Well, according to the Mac Rumors reporting of the WWDC keynote address, Apple agrees. The third party development toolkit for the iPhone is Web 2.0 / Ajax. More details as they become available.

Update: Here’s a bit more from AppleInsider.

Ajax for the iPhone

January 12, 2007 on 1:31 am | In ajax, iPhone | 1 Comment

While I’ve never really talked about platform preferences here, I should in the interest of full disclosure mention that I’m an Apple fan. Like many, I’m a relatively recent convert, and I came to Apple by way of Linux. OS X seemed like a perfect fit — everything Just Works, but you can drop down to a terminal and geek out if you so desire. So naturally I was following along closely with the Macworld keynote to see what Steve Jobs would sell me next. And since we have about 5 months until I can buy it, let’s consider briefly the implications of a few key design decisions, specifically as they relate to Ajax.

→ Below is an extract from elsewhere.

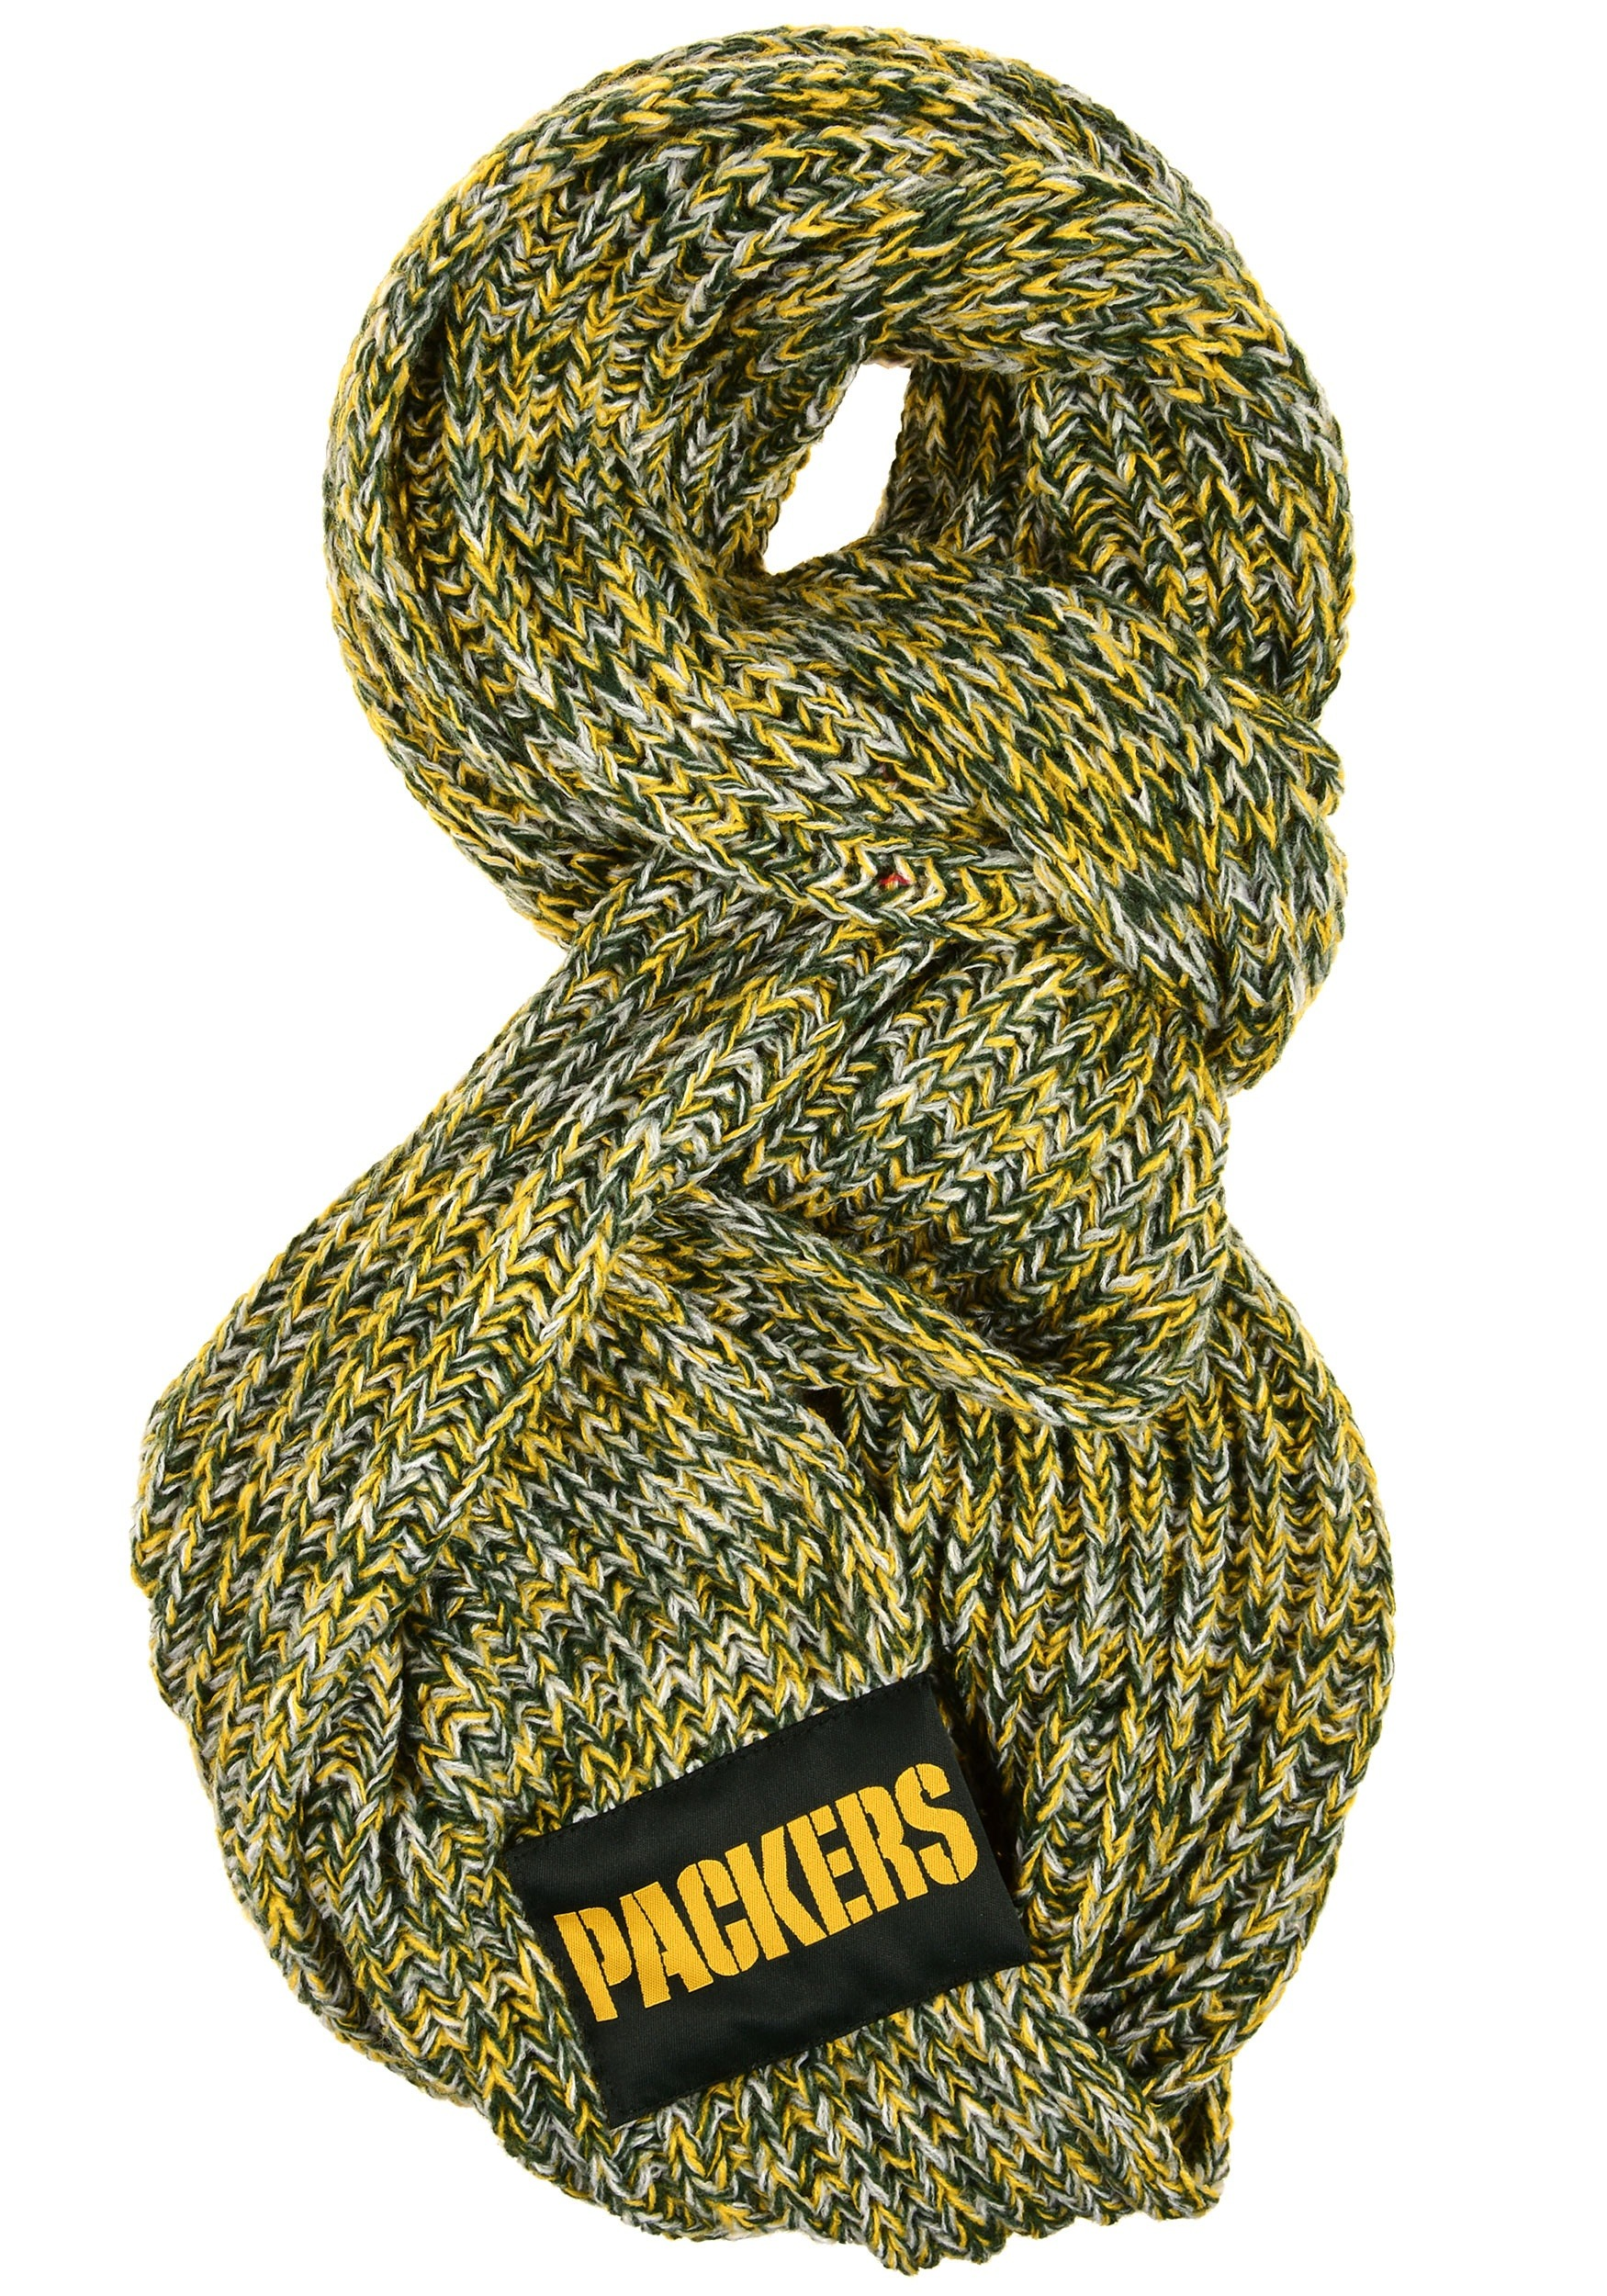 15fce4b796118 Green Bay Packers Peak Infinity Scarf
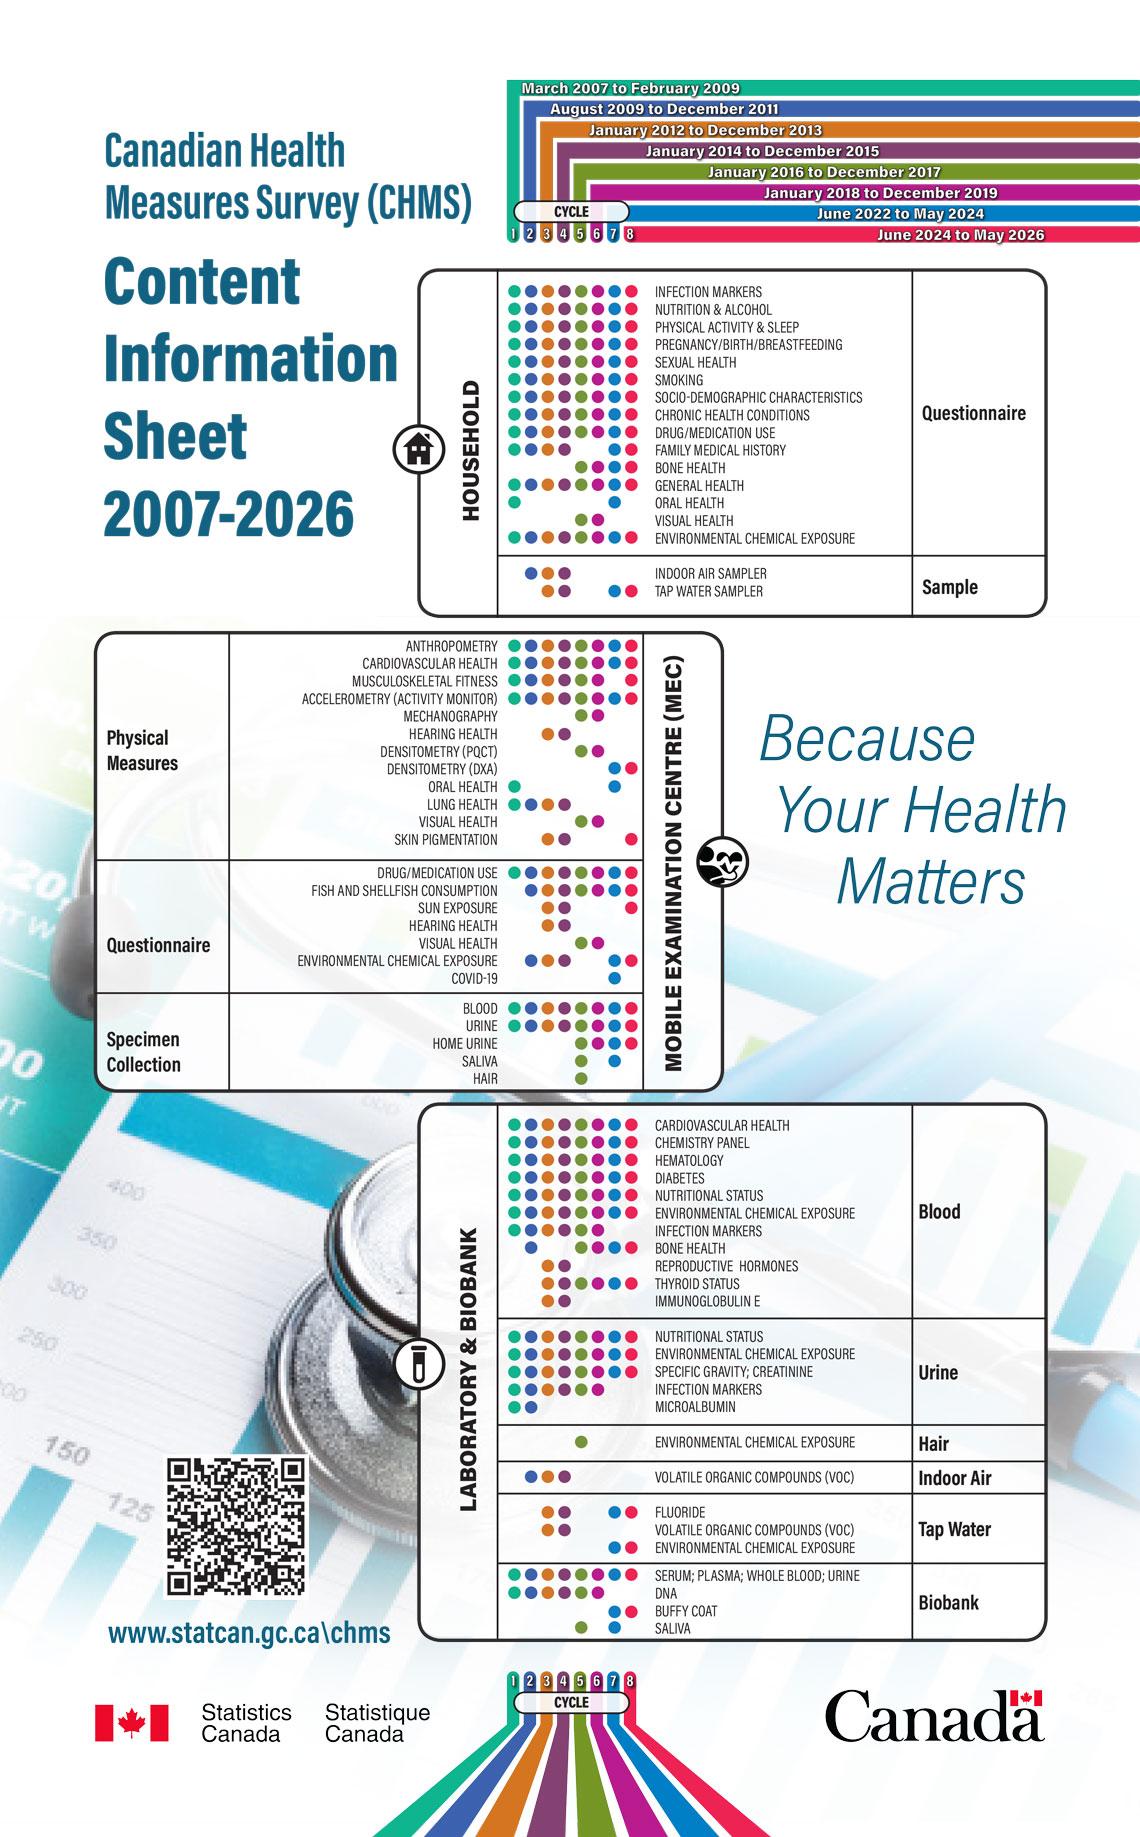 Canadian Health Measures Survey (CHMS) – Content Information Sheet 2007-2023

The demos of Safari were what impressed me most, and I agree in principle with the Safari developers when they talk about the impending end of the ‘mobile web.’ At least, I agree that Safari on the iPhone represents the end of an era where it was necessary to apologize for the mobile web. However, immediately after the keynote, potential early adopters started getting some bad news as word spread that 3rd party apps would not be welcome on the iPhone. Today, this was confirmed by Jobs.

The silver lining for those of us in the Ajax space is that we will have a captive audience of users hungry for innovative 3rd party software, and there’s no other way to deliver it than through Safari. We have the opportunity to create powerful new browsing experiences for mobile users, potentially using techniques such as Brad Neuberg’s incredibly cool work on the Dojo Offline Toolkit to provide seamless operation when a connection is unavailable.

So, while I agree with the Safari developers that the mobile web will hopefully no longer be the ugly stepchild, I don’t think the mobile web as a separate concept is necessarily going away. There will still be specialization of mobile apps, but instead of specialization to work around the inherent limitations of the platform, it will be specialization to build applications with all the richness and vitality of native applications. Ajax will play a huge role there.